Reflecting on a Year in Transition

I guess it’s pretty cheesy and cliche to do a post reflecting on my year, especially when this blog is only four months old. But it’s been a packed year, full of surprises and transitions. If you’d asked me a year ago if I thought I’d ever live in Israel I would have looked at you like you were nuts. Of course, I think I assumed I would still be in New York. Why would I ever leave?

While I’m a big planner in my every day life (what are we eating for dinner every night this week, what are the vacation details) I’ve never been good at planning my future. Even as a kid I had trouble answering the persistent conversation piece of all adults, “So,what do you want to be when you grow up?” I decided fairly early on not to stress too much about it, and to take every worthwhile opportunity that came my way. It’s taken me on a windy road, but not one I’d ever change. And it brought me here, to Israel.

So here we go, my year in review. It’s been a good one, maybe my best yet. A year ago I had hit my stride in my new career. I got a raise, I stopped accruing new credit card debt, and I was traveling at least once a month for a week of crazed eating and drinking. The biggest benefit was being able to see my West Coast friends and family, normally so far beyond reach. I feel fortunate that the past two years have been big ones for reconnecting with family. The constant travel was exhausting, and I’m glad it’s over, but it was awesome.

Bacon was getting old but still ended up in everything. The recession was visible on the plate everywhere, with comfort food and re-imagined classics more the norm than a trend. Beer got big and cocktails got bigger. And hot damn if there wasn’t good wine available for cheap.

And then Evan got into med school. In Israel. We were at Frank restaurant in the East Village when he told me, and I screamed and cried and we drank Prosecco. I think it probably looked like we’d just gotten engaged. There wasn’t a question in my mind that I’d go; I’ve always wanted to live abroad. I gave my job four months notice, and they screamed and cried too but there was no Prosecco. Evan left in July, we celebrated two years of marriage half a world apart, I moved out of our tiny apartment into Evan’s parents’, and spent what may have been the longest two months of my life thanklessly working my butt off.

And then, finally, I was here. Evan was picking me up at Ben Gurion airport, guiding the simultaneously bright eyed, tired, and confused me home. My first week in Be’er Sheva was Sukkhot and everyone was on vacation; I was nervous I’d moved to a ghost town (the following week it became clear that I hadn’t).

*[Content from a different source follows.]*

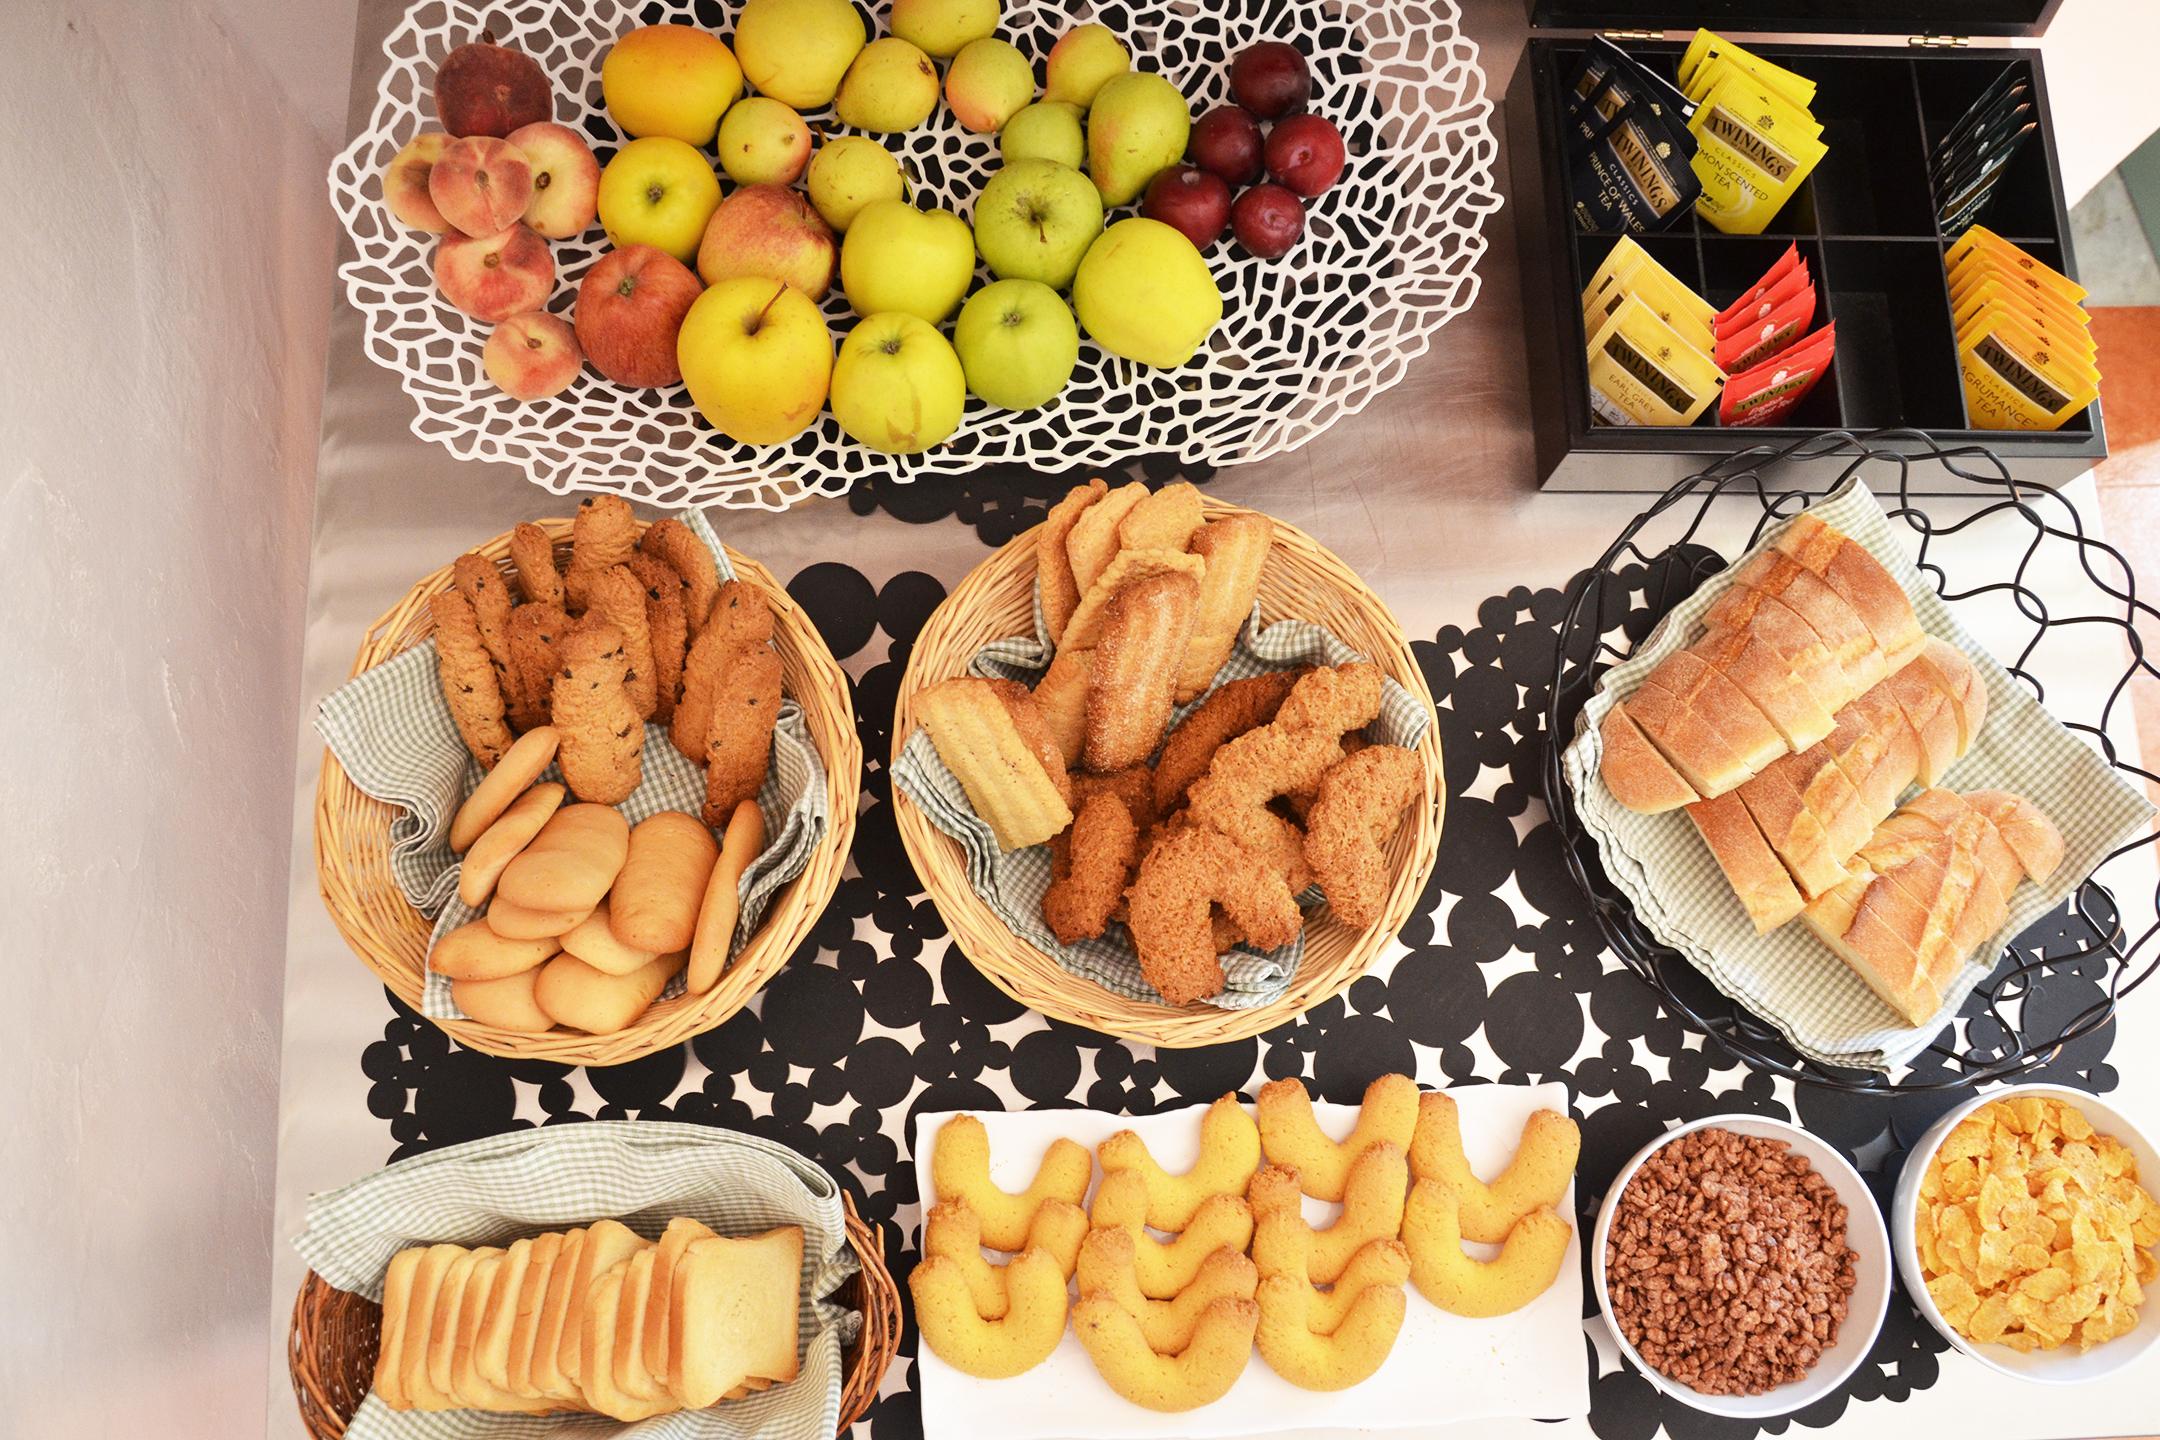 bed-and-breakfast-sicilia-alessia-canella-B&B-giardino-siciliano-sicily-trip-flowers-colazione-viaggiare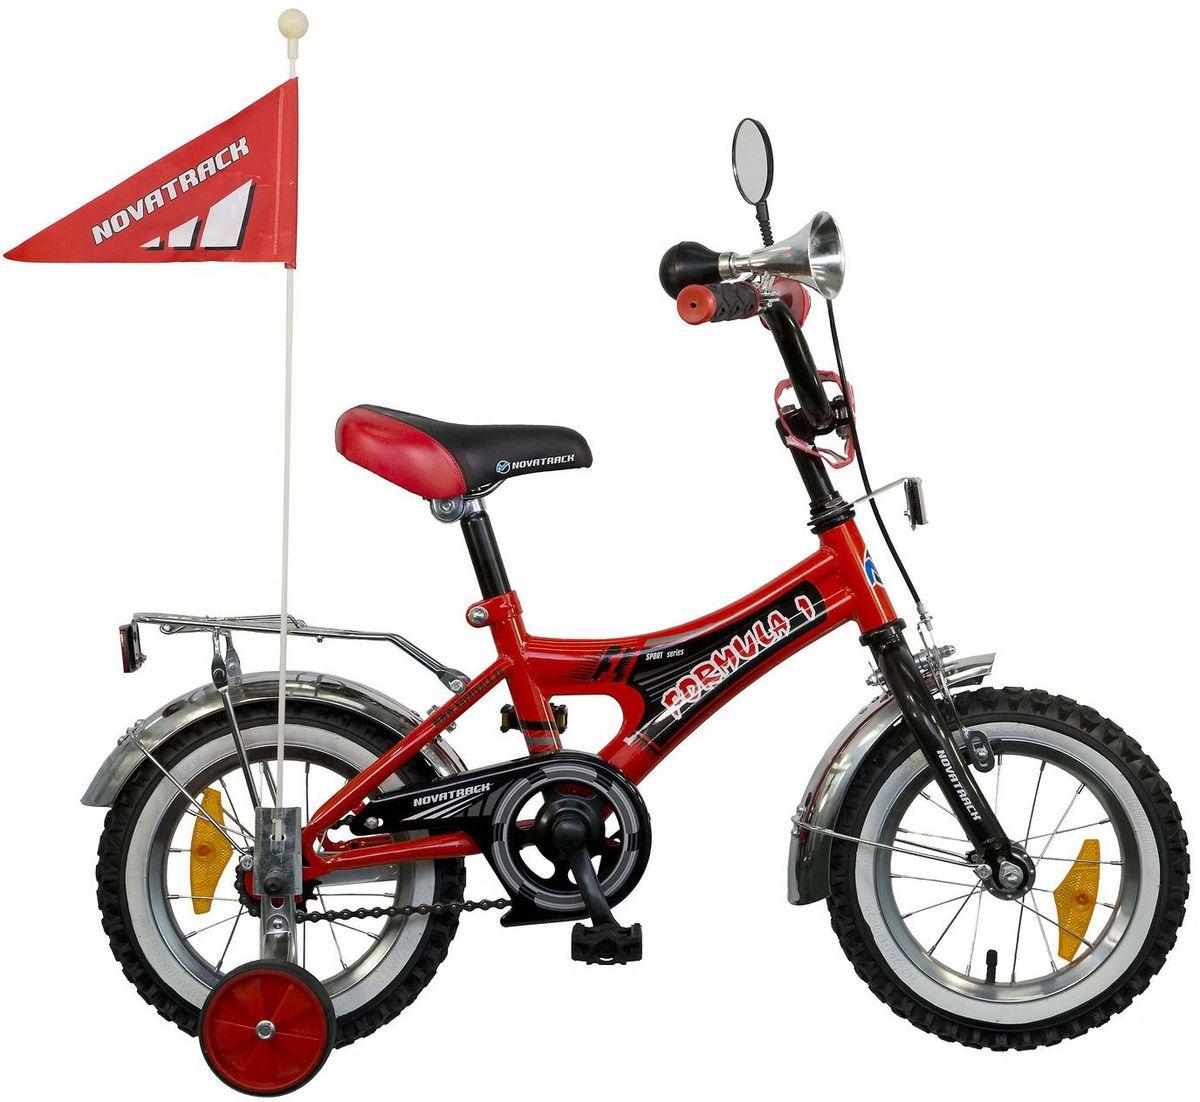 Велосипед детский Novatrack Формула, цвет: красный, 12125FORMULA.RD5Велосипед Формула 1 со стальной универсальной рамой, имеет размер колеса 12. Предназначен для детей в возрасте от 3 до 5 лет. Тип рамы удобный как для мальчиков, так и для девочек; Интегрированный ограничитель руля, гарантирующий безопасность; Цвет : красный-черный; Надувные колеса с ниппелем под автомобильный насос; Модель имеет хромированные обода, крылья, багажник; а также цветные рукоятки руля (рукоятки руля черные из мягкой резины); Тормоза: задняя тормозная втулка и передний тормоз клещевого типа ; Широкие поддерживающие колеса с резиновой внешней частью, усиленные кронштейны; Модель оснащена однокомпонентными шатунами; Высокий руль для более комфортной посадки; Наличие 4-х отражателей : передний, задний и 2 шт. на колесах; Защита цепи; Модель оснащена сигнальным гудком, зеркалом и флажком.

Since those first days of being led around the city I’ve made it my business to learn Be’er Sheva in and out; I’m not there yet, but it’s hard to believe I haven’t been here forever.

Perhaps the most exciting development of the whole year has been proving that Evan and I can both follow our dreams and be in the same place, around the world, taking risks and being happy. I’ve had consistent work as a freelance food writer, and it’s been exciting to have excuses to jet off to Tel Aviv or Jerusalem in pursuit of a story.

Sure, it was scary to leave the comfort of our city, our families and friends, stable jobs. But in a few short months we’ve built a life here. And it proves that most risks are worth taking. Opportunities are there if you’re willing to take them. I’ve never been one for new year’s resolutions, but I do have a number of goals for 2011. They range from personal to professional and mostly have to do with taking full advantage of everything I have right here.

3 thoughts on “Reflecting on a Year in Transition

  1. Jill

    Sniffle. This made made me a bit misty-eyed. I love you both so much and am so happy for your joys and successes together! I hope you are able to have many not-talked-about naps and gigantic plates of food in the new year.

  2. steph

    welp. jill basically wrote what i would write abt getting misty-eyed, napping and piles of food in your future. and of course that i love you both dearly and am sad (yet happy) that you won’t be here for my 2-great birthday. yay for the future!